> **Recorded data**:

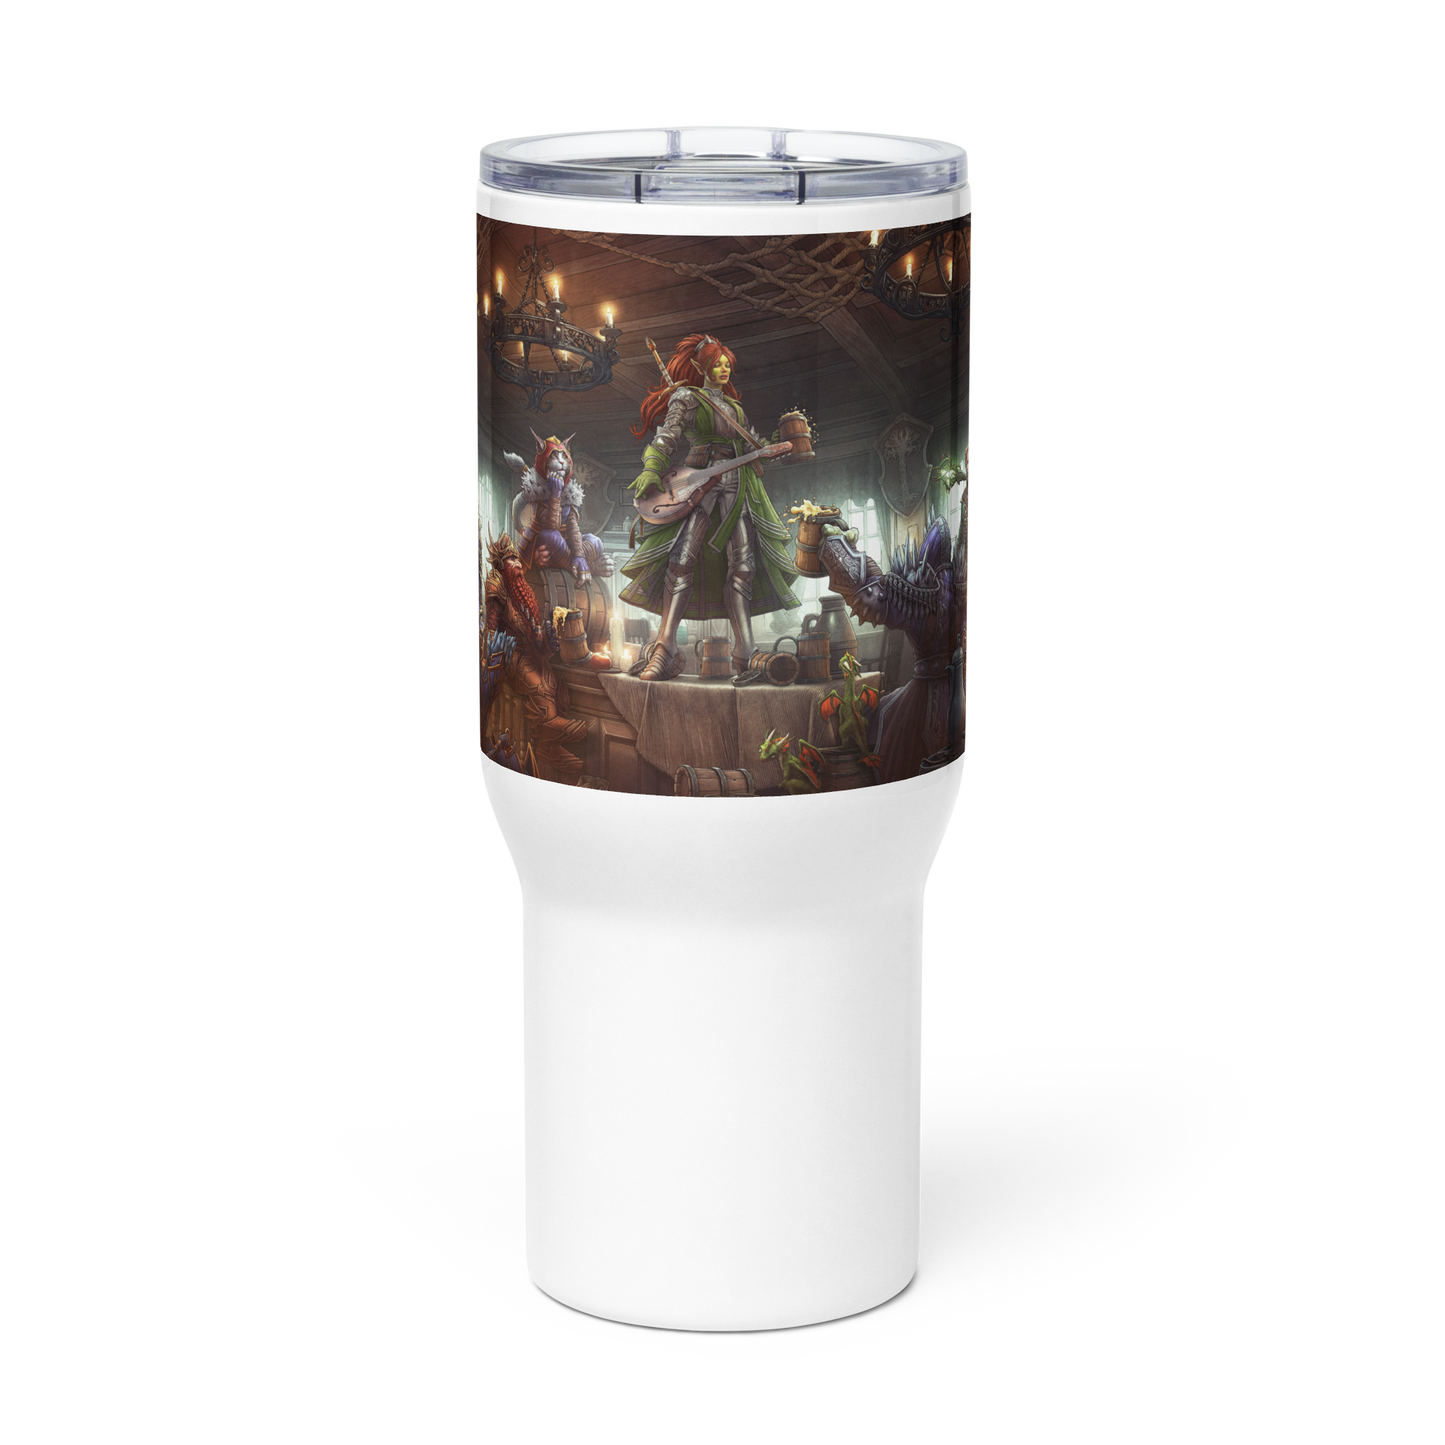 EverQuest® Laurion's Song Travel Mug
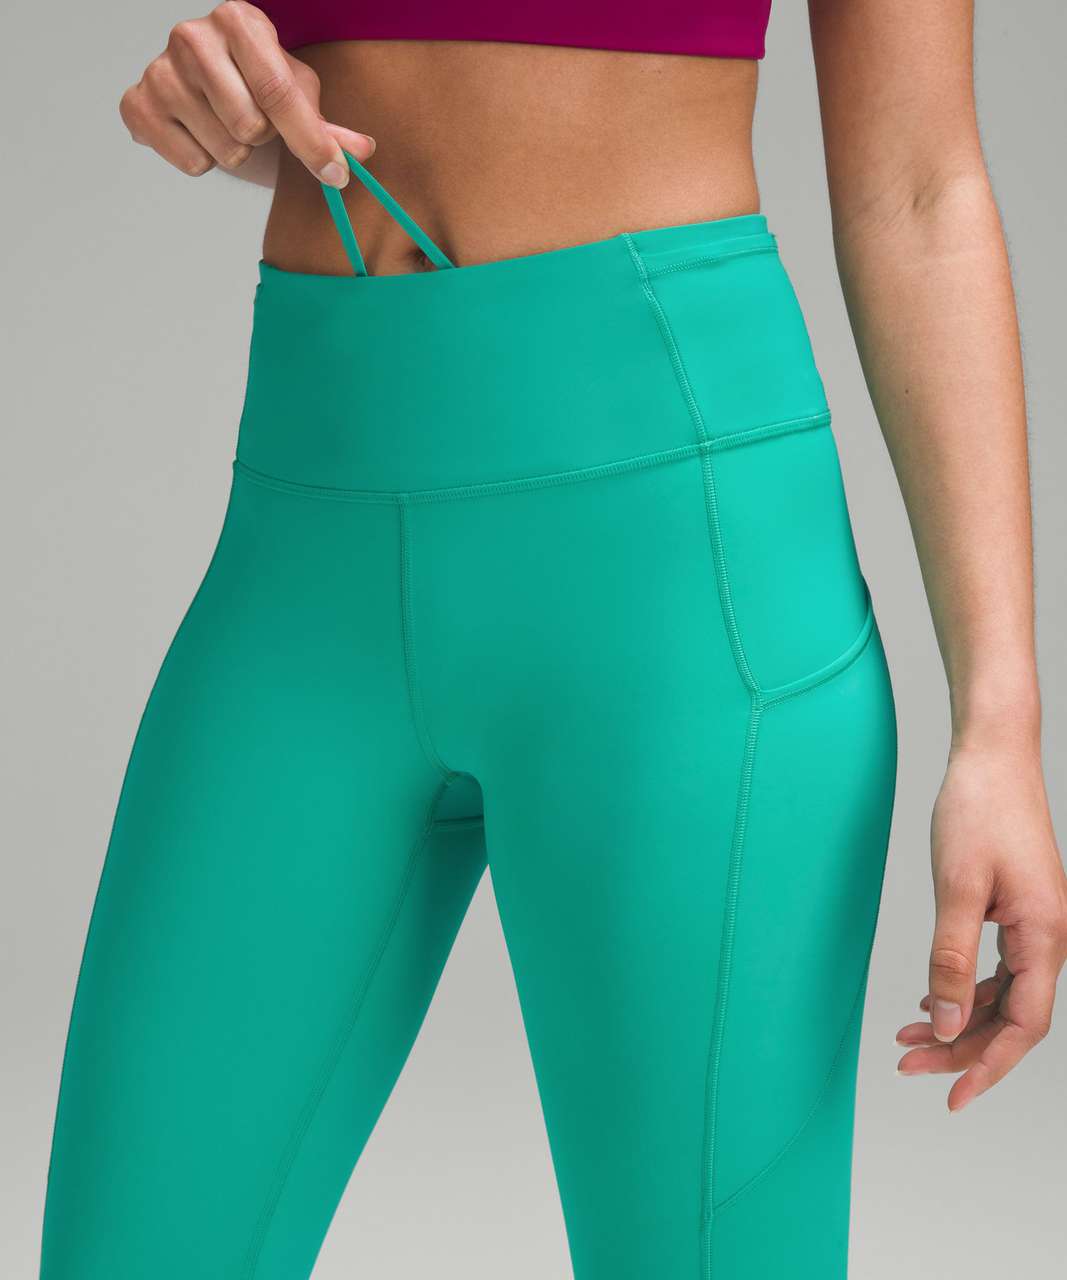 Lululemon Fast and Free High-Rise Tight 25" - Maldives Green
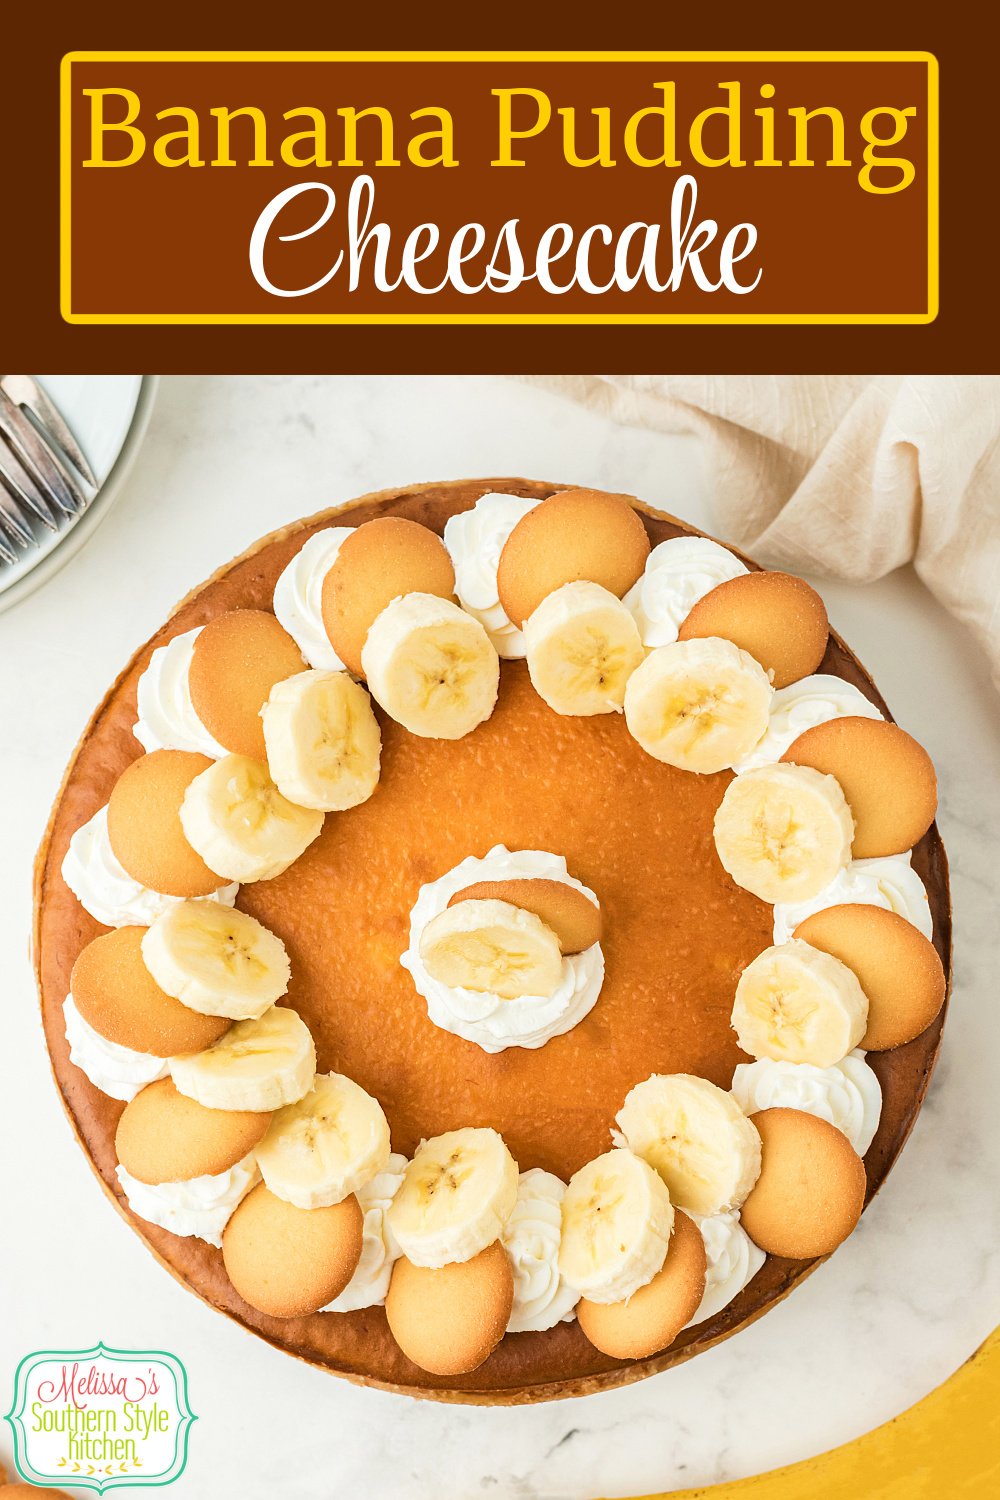 This Banana Pudding Cheesecake recipe combines a fluffy New York style cheesecake with Southern banana pudding. #bananapudding #bananapuddingcheesecake #cheesecakerecipes #easycheeecakerecipe #desserts #southernrecipes #southerndesserts
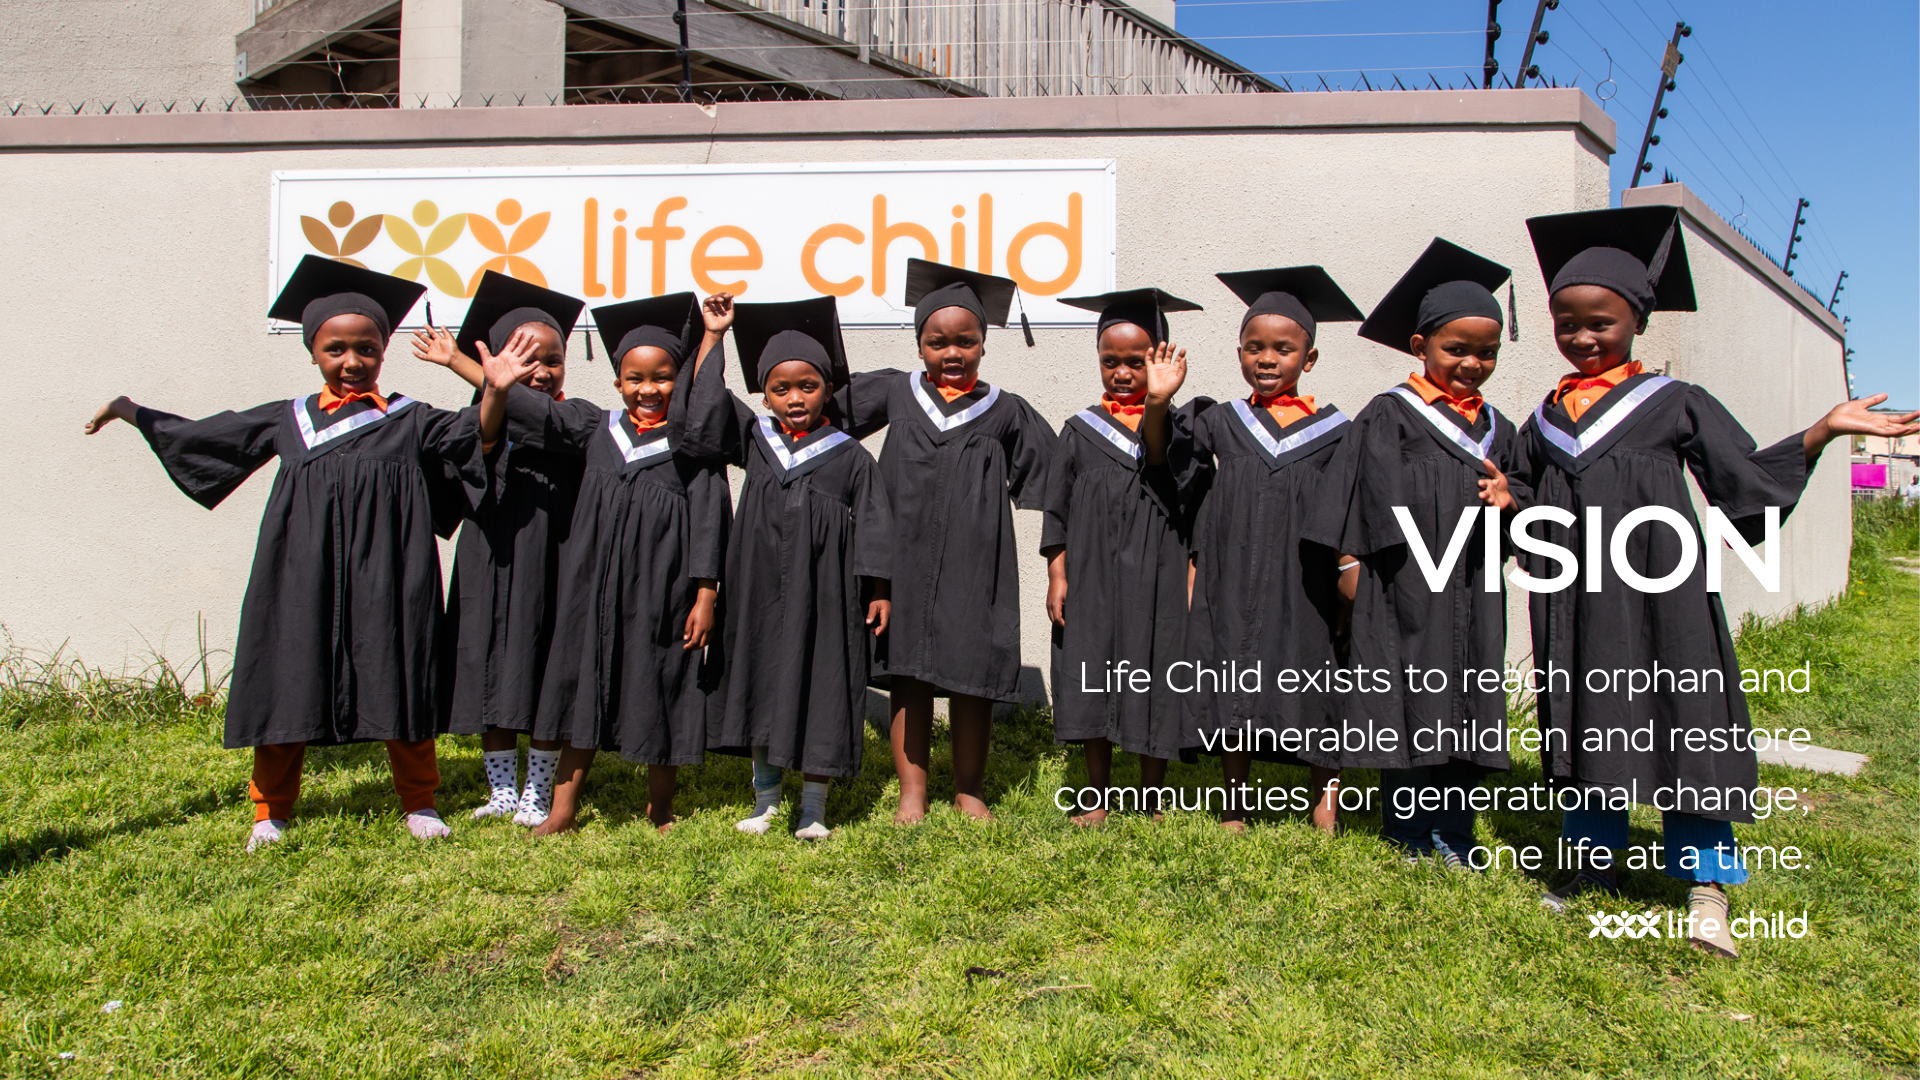 Life Child exists to reach orphan and vulnerable children and restore communities for generational change; one life at a time

> **Task item**:
Print exactly the lines above that run from the one with "Lululemon Fast and" down to the one with "This Banana Pudding", and omit the pictures.

> **Written reply**:
 Lululemon Fast and Free High-Rise Tight 25" - Maldives Green
 This Banana Pudding Cheesecake recipe combines a fluffy New York style cheesecake with Southern banana pudding. #bananapudding #bananapuddingcheesecake #cheesecakerecipes #easycheeecakerecipe #desserts #southernrecipes #southerndesserts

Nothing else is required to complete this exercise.